The fact that people generally oppose senseless military violence but are unable to see and comprehend a slow, boa constrictor-like act of slaughter via economic strangulation is why these siege warfare tactics have become the weapon of choice for the US-centralized empire. It is a more gradual way of murdering people than overt warfare, but when you control all the resources and have an underlying power structure which maintains itself amid the comings and goings of your officially elected government, you're in no hurry. The absence of any public accountability makes the need for patience a very worthwhile trade-off.

So you see this siege warfare strategy employed everywhere by the US-centralized empire: The US-centralized power alliance is so powerful in its ability to hurt nations with financial influence that in 1990 when Yemen voted against a UN Security Council Resolution authorizing the attack against Iran, a senior US diplomat was caught on a hot mic telling the Yemeni ambassador, "That will be the most expensive 'no' vote you ever cast." According to German author Thomas Pogge, "The US stopped $70 million in aid to Yemen; other Western countries, the IMF, and World Bank followed suit. Saudi Arabia expelled some 800,000 Yemeni workers, many of whom had lived there for years and were sending urgently needed money to their families."

That's real power. Not the ability to destroy a nation with bombs and missiles, but the ability to destroy it without firing a shot.


It's no wonder, then, that the drivers of this empire work so hard to continue growing and expanding it. The oligarchs and their allies in opaque government agencies no doubt envision a world where all non-compliant nations like Iran, Russia and China have been absorbed into the blob of empire and war becomes obsolete, not because anyone has become any less violent, but because their economic control will be so complete that they can obliterate entire populations just by cutting them off from the world economy whenever any of them become disobedient.

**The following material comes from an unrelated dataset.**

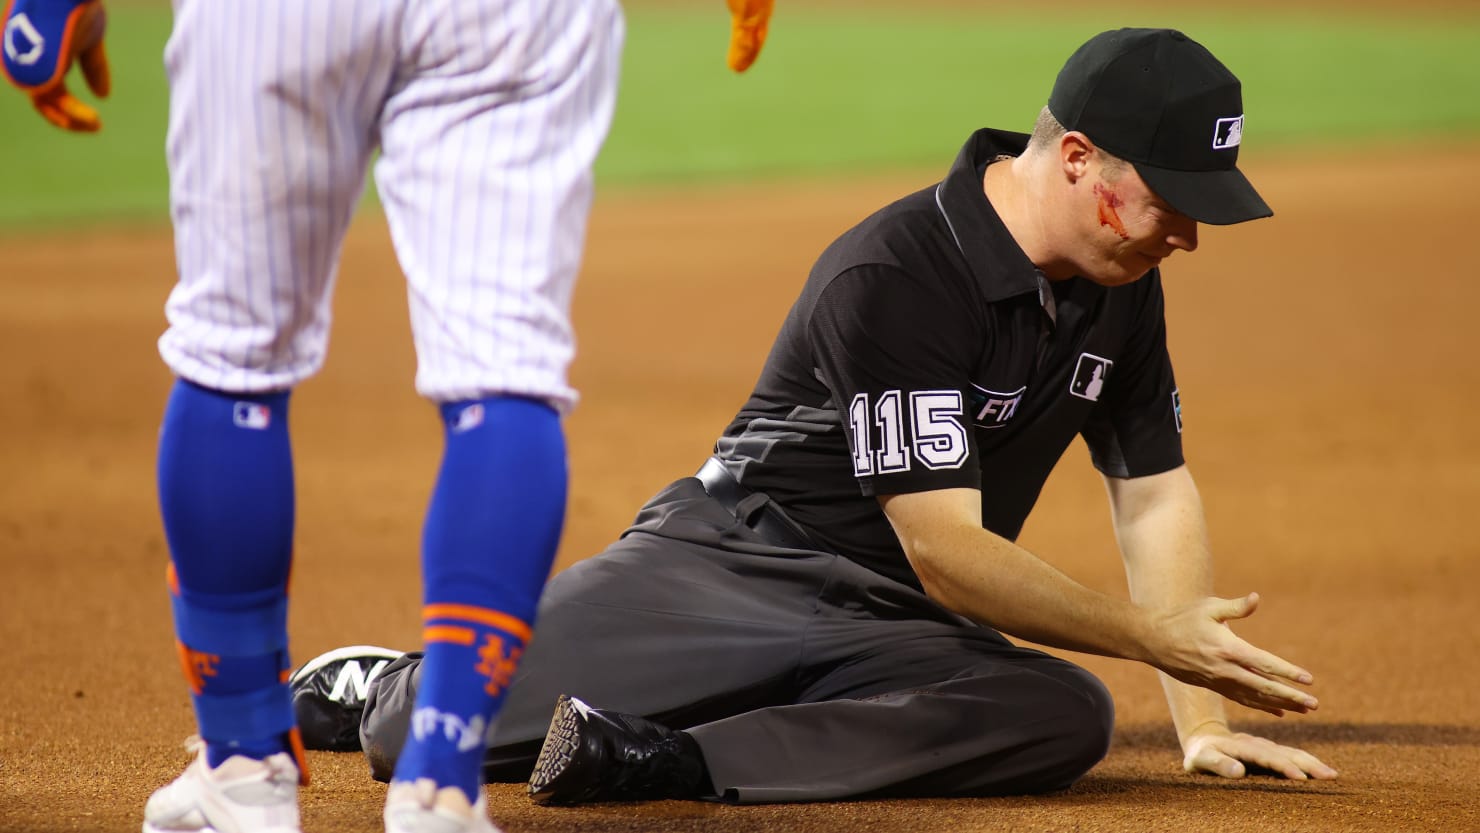 Video: MLB Umpire Floored by Brutal Stray Ball to the Head

This is the only reason Iran is being targeted right now. That's why you'll never hear a factually and logically sound argument defending Trump's withdrawal from the nuclear deal; there is none. There was no problem with the JCPOA other than the fact that it barred America from inflicting economic warfare upon Iran, which it needed for the purpose of toppling the nation's government so that it can be absorbed into the blob of the US-centralized empire.

And all the innocent human beings who die of starvation and disease? They don't matter. Imperial violence only matters if there are consequences for it. The price of shoring up the total hegemony of the empire will have been worth it.